We drink our coffees and chat away quite generally over FacedIn, politics, the weather and our surroundings when eventually she brings up my behaviour online.
"You really have been insufferable haven't you My boi!" I can hear the steel starting to come into her voice. It's a voice that will not bear questioning or evasion.
"That is true", I reply. "I'm so sorry. I was just an idiot and I really do apologise."
"Well, I think you need to show me, in some small way, how sorry you really are."
I gulp and look at her expectantly. What on earth does she want me to do?
"Kneel. Here." she says pointing to a spot about two feet away from her chair.
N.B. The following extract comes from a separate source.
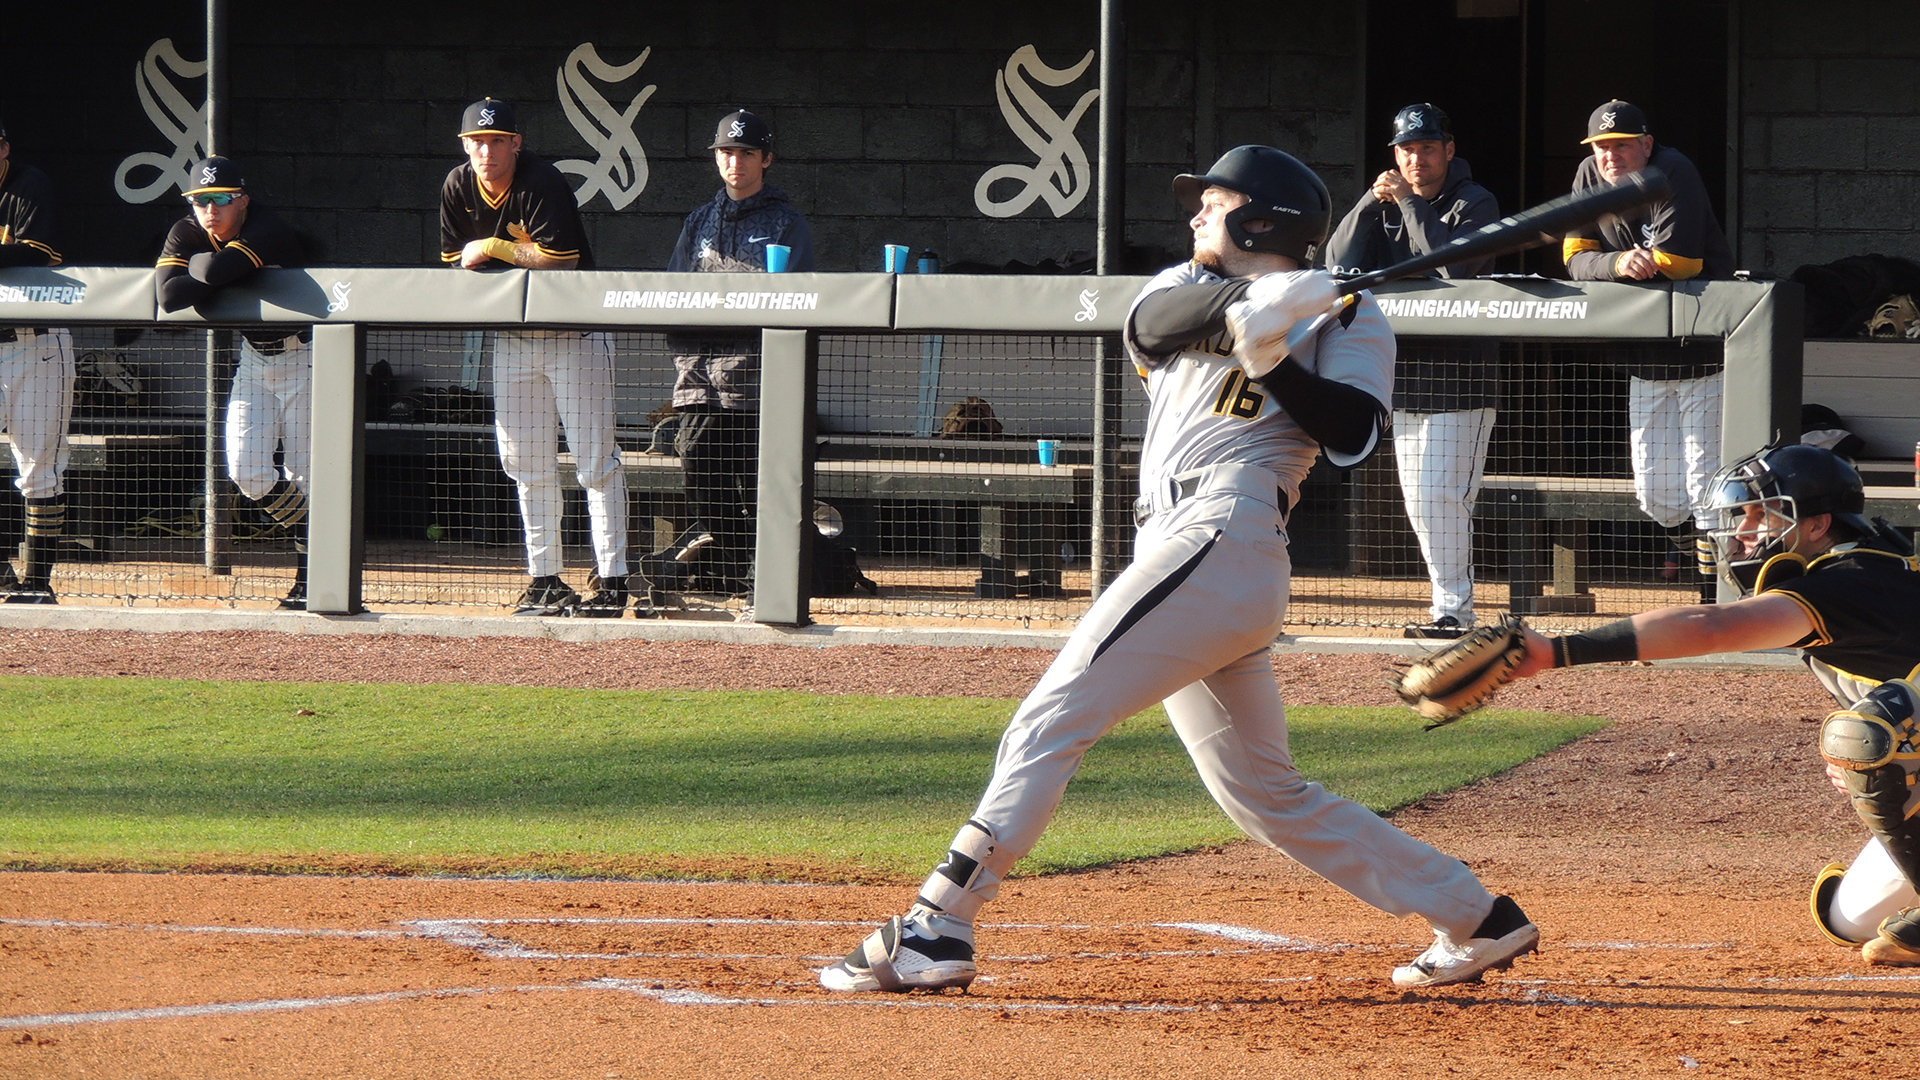 Zach Taylor had two hits against the Panthers, including a first-inning bases-loaded double.

Normally, I would have blanched at performing such an odd display in full public view but today, well, I just knew that everything would be alright. She wasn't here to humiliate me – she just wanted to establish her control and that, whenever in her protective sphere, all would be well.
She leant forward and stroked my face with her right hand and looked deep into my eyes. There was a soulfulness to her gaze that enraptured me. I knew instantly that I would whatever it is she wanted of me.
She abruptly sat back in her chair and raised her left foot up to my face – the heel looking set to stab me in the eye if I wasn't careful.
"Suck my heel little boi. Show me that you're sorry and you want to make amends."
My mouth opened nervously as I moved my head towards her foot. The heel and sole were spotless, no road grime or gum here! I tentatively took the spiked heel into my mouth and soon felt the sole slide across my cheek. I felt invaded but, at the same time, strangely spacey. As though I was half floating but tethered to her via her heel.